For the past few decades, there are those who think that ecstasy is ‘getting a bad rap’ by drug enforcement officials. Many users suggest that the effects are relatively harmless and the only problem with XTC is the fact that it is illegal. However, a recent study published in the journal Addiction proves that there are problems that are far more serious than originally expected. The study demonstrates the causative effect of the drug and provides scientific evidence that even recreational use can lead to changes in the brain.

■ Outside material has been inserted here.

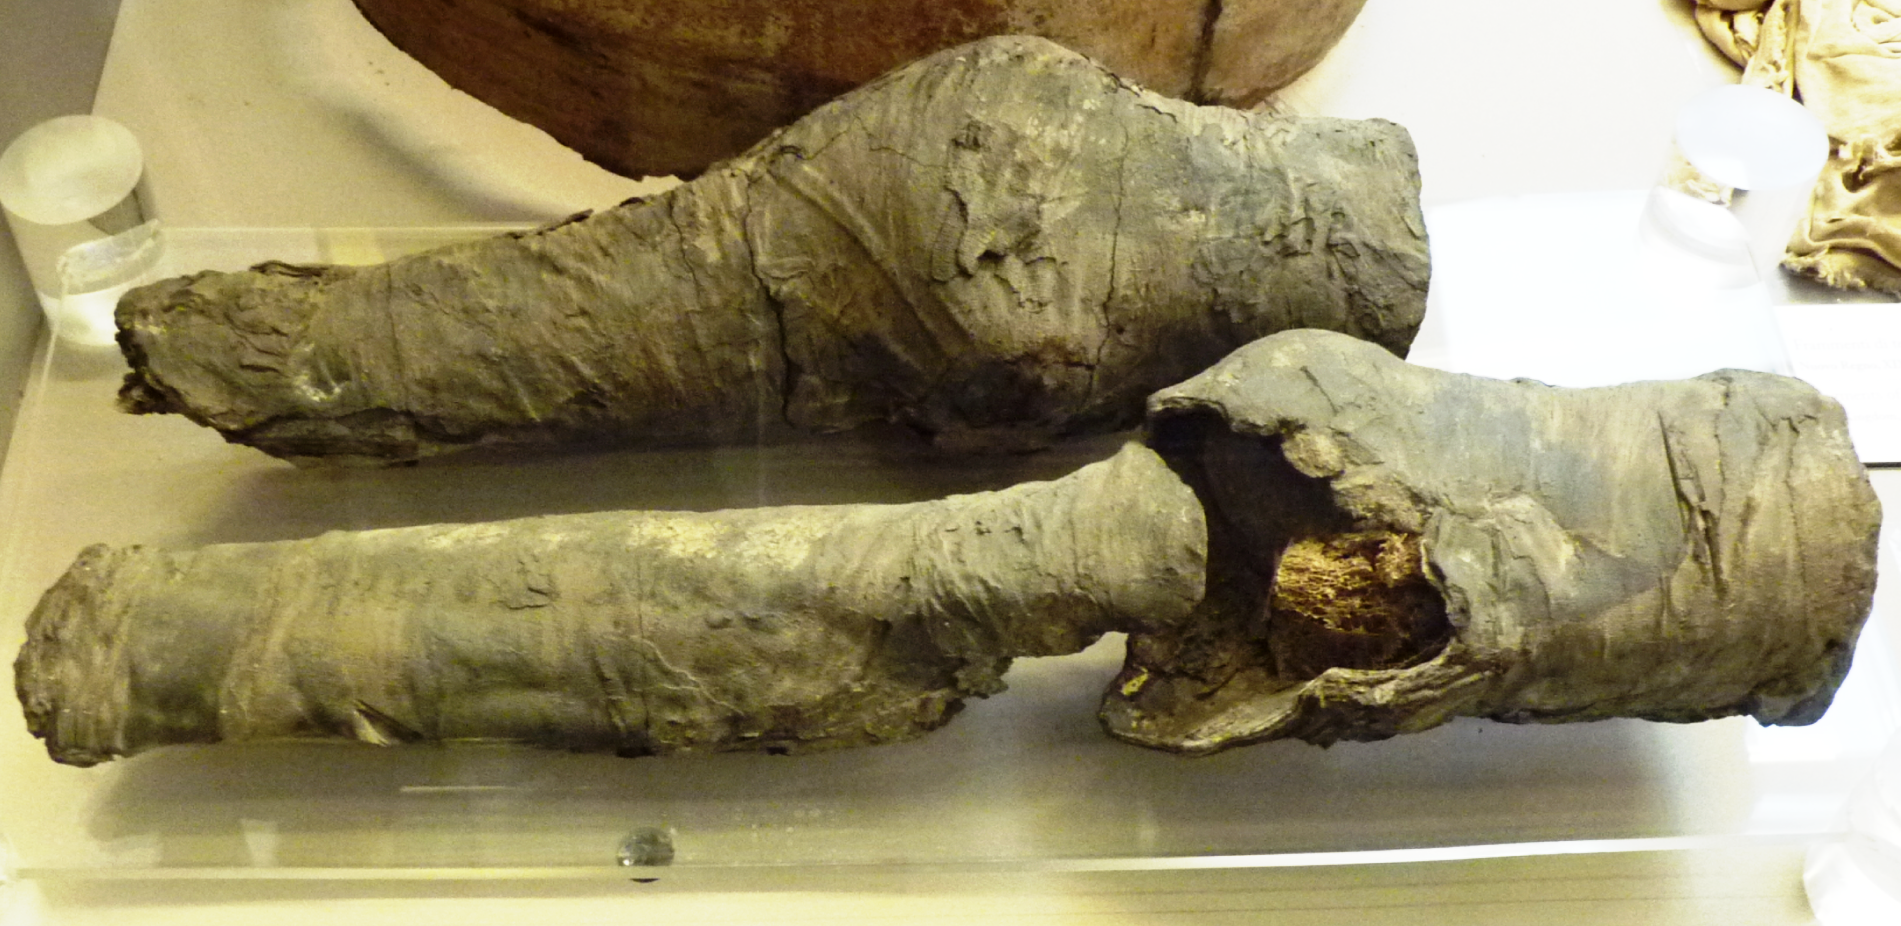 Ces fragments d'une paire de jambes momifiées sont exposés au musée des antiquités égyptiennes de Turin. On pense maintenant qu'il s'agit bien de reste de la momie de la favorite de Ramsès. © Joann Fletcher

What The Study Did And How It Was Different
The reason that this recent study is significant is because of the different methodology that it used. Previous studies on the subject have been notoriously hard to interpret. The reason that they were difficult to interpret is that the brain differences between non-users and ecstasy users may have been present long before the person ever started using XTC. This meant that in those studies, it was probable that the drug led to specific problems, but there was no scientific basis that provided infallible proof. Add in the fact that people who use XTC tend to use other illicit substances as well; you may understand why the effects of ecstasy on the brain were so hard to determine.
This study was set up so as to determine how the brain may change when using ecstasy, meaning that the team of scientists had to find people that had used MDMA five times or less in their entire lives. The research team found 149 individuals that met that criteria and made them undergo a litany of brain tests. These brain tests were in place to look for signs of mental deficits. A year later, the scientists tested patients again. Out of the people tested, 43 had not used XTC since the previous test and 23 people used ten or more ecstasy pills during that year. On average, those who used ecstasy pills reported having used 33.6 within those 12 months.
The two groups performed similarly on most laboratory tests. However, it was a particular memory test in which those participants who had used MDMA scored significantly worse. The people with problems demonstrated difficulty in remembering what distinguishing border framed a specific picture. They had complications remembering right away and an hour later. This demonstrates that memory problems can occur within a year, even with a moderate amount of MDMA use. This makes it clear to scientists and hopefully makes it clear to people around the world, that this drug is not as harmless as previously suspected.
What Are The Common Side Effects Of The Drug?
For most people that take a single “hit” of XTC, the effects will last anywhere between three and six hours. Once the person swallows the pill or tablet, it takes approximately 15 minutes before the ecstasy dissolves and enters the bloodstream. From there, it moves rapidly to the brain. Within 45 minutes, the person will start to experience the “high” associated with MDMA use. People who use it report feeling hyperactive and very alert. That is the reason it is often used in the nightclub scene, people can dance for hours at a time without needing to take a rest. During this high, some users will experience changes in perception (for example, they may have an enhanced sense of touch) or lose sense of time.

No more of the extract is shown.